● **Exercise description**
In the entries below, find the line containing "Fog & Mørup Table Lamp" and the line containing "Exquisite Desi Eastern". Copy those two lines and everything between them exactly, and only that.

● **Data for review**
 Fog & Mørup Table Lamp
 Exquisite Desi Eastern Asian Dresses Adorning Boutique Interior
==
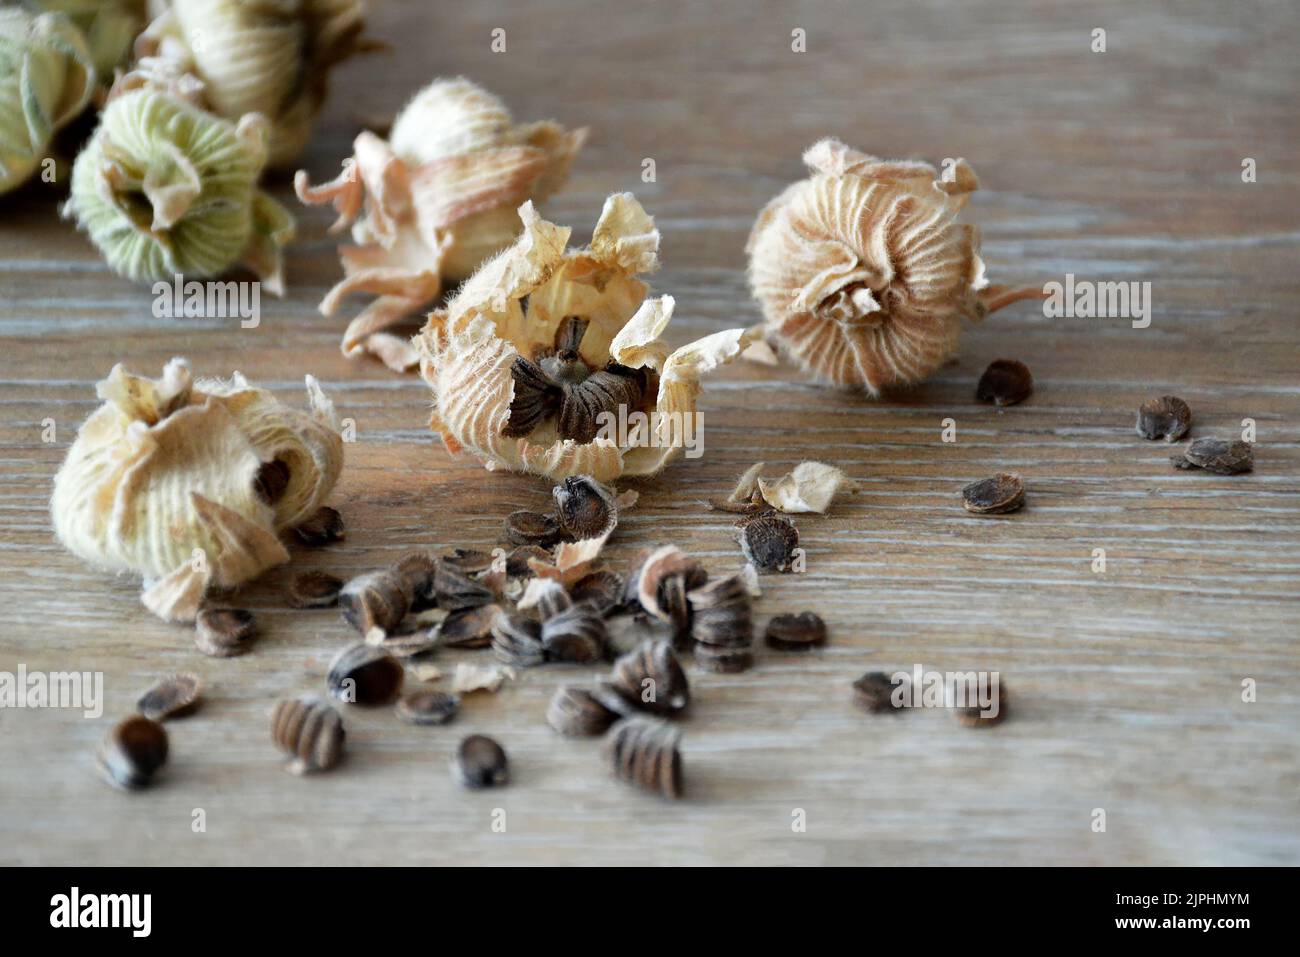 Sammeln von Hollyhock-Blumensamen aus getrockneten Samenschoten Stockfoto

● **Finished task**
 Fog & Mørup Table Lamp
 Exquisite Desi Eastern Asian Dresses Adorning Boutique Interior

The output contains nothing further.